> **What the task requires**
In the entries that follow, the lines from the one with "All Gemstones are Natural" through the one with "Dimensions: 77 x 38 mm" are the ones to write out, exactly and with both ends included. Nothing else should appear.

> **Recorded information**

● ● ● ● ●

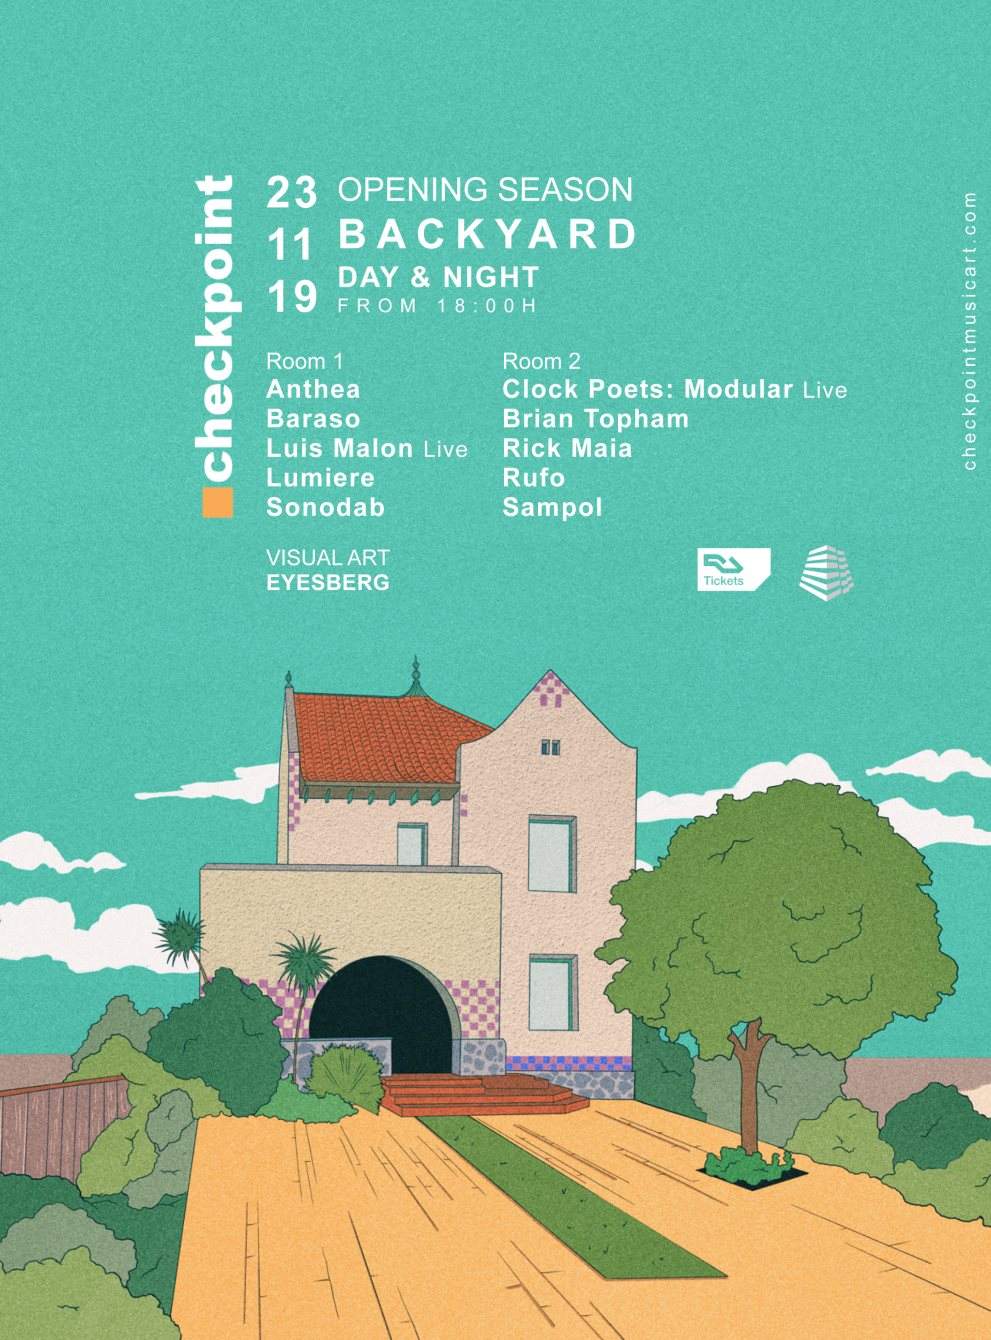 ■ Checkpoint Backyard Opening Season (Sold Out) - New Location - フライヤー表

● ● ● ● ●

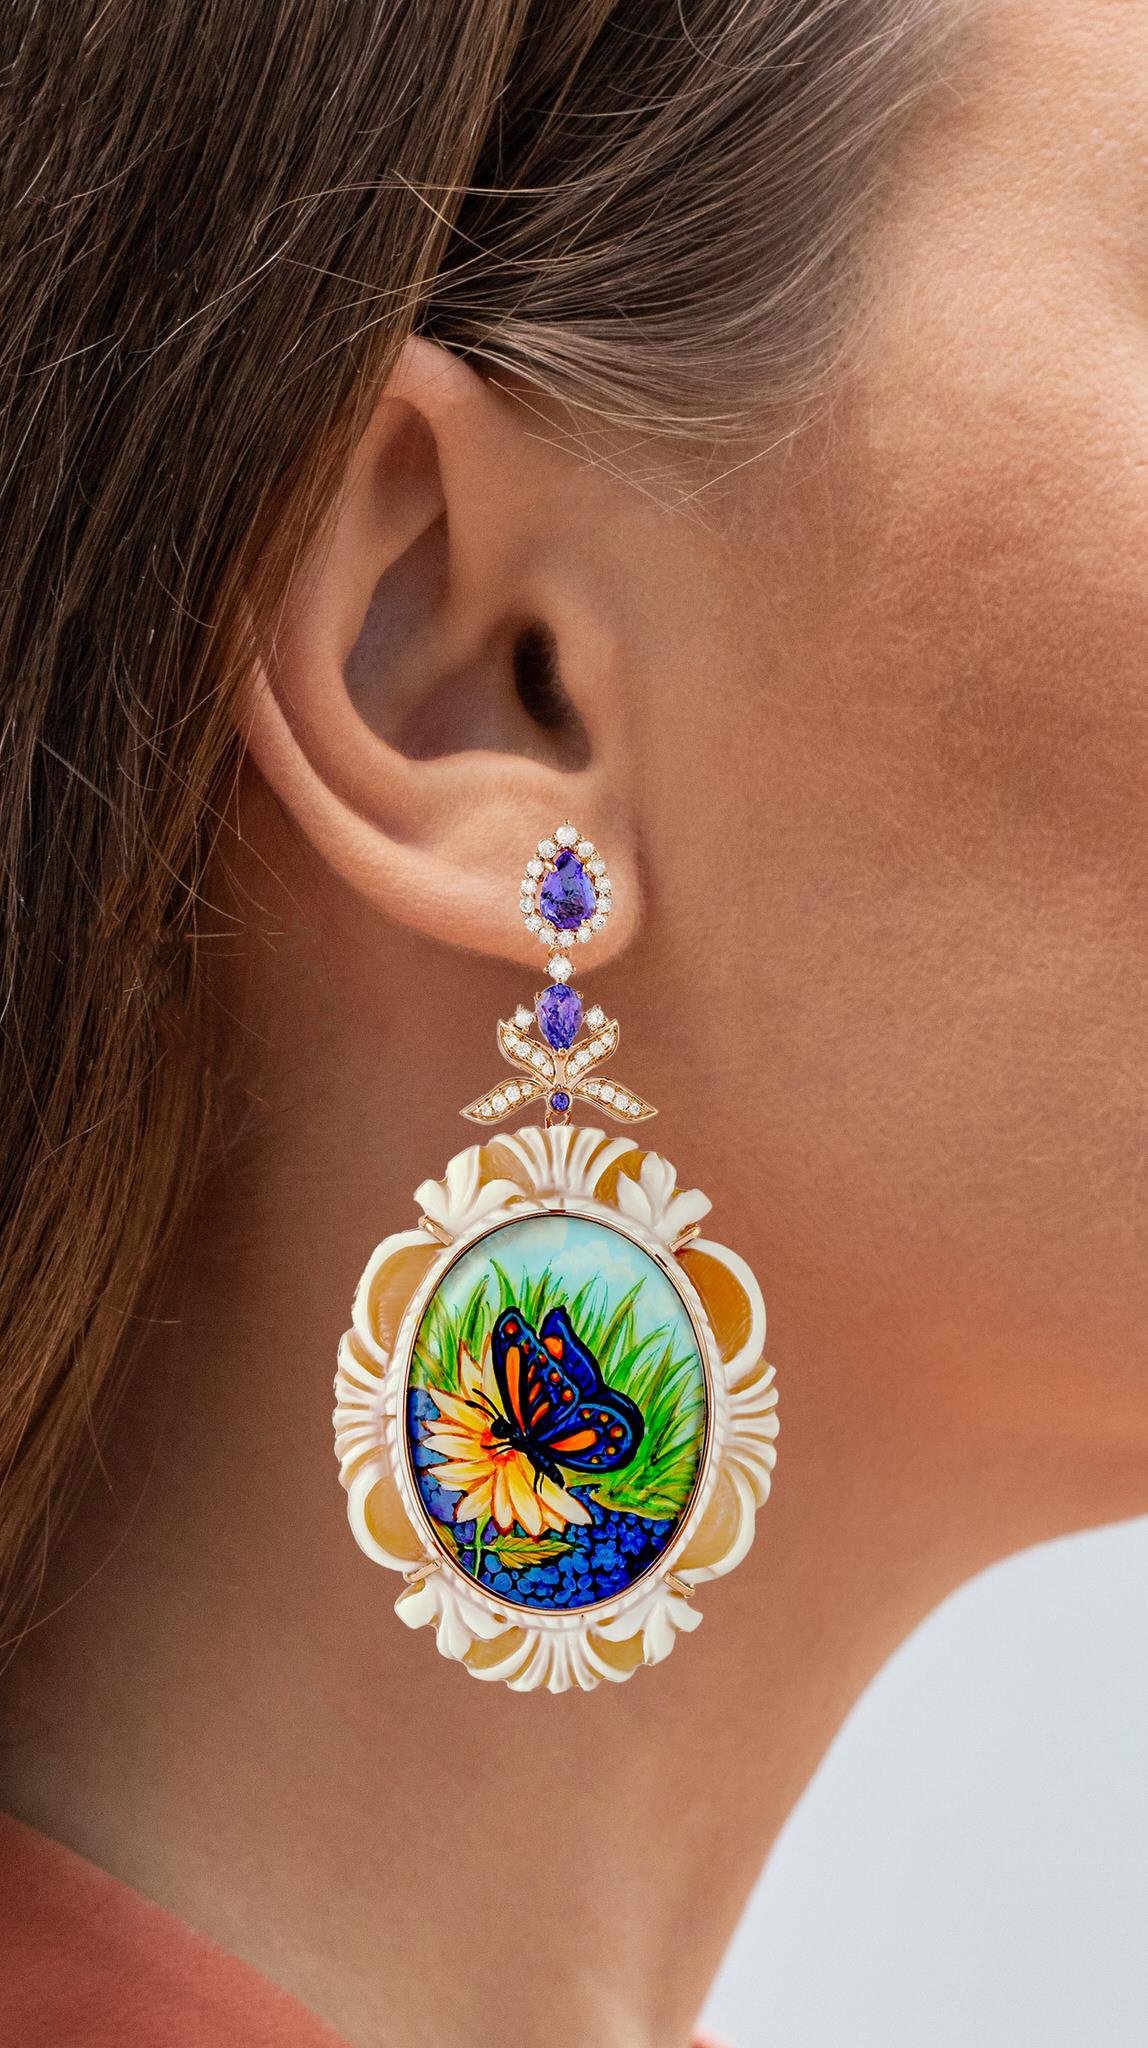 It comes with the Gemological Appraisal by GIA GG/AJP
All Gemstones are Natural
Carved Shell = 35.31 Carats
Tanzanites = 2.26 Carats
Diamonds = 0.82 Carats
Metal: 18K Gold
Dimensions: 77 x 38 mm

● ● ● ● ●

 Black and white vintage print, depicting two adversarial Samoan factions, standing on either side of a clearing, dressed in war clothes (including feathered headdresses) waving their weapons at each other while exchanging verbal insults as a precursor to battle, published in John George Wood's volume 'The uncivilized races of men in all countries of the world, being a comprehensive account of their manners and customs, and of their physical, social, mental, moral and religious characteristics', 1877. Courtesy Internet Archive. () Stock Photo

● ● ● ● ●

> **Result**
All Gemstones are Natural
Carved Shell = 35.31 Carats
Tanzanites = 2.26 Carats
Diamonds = 0.82 Carats
Metal: 18K Gold
Dimensions: 77 x 38 mm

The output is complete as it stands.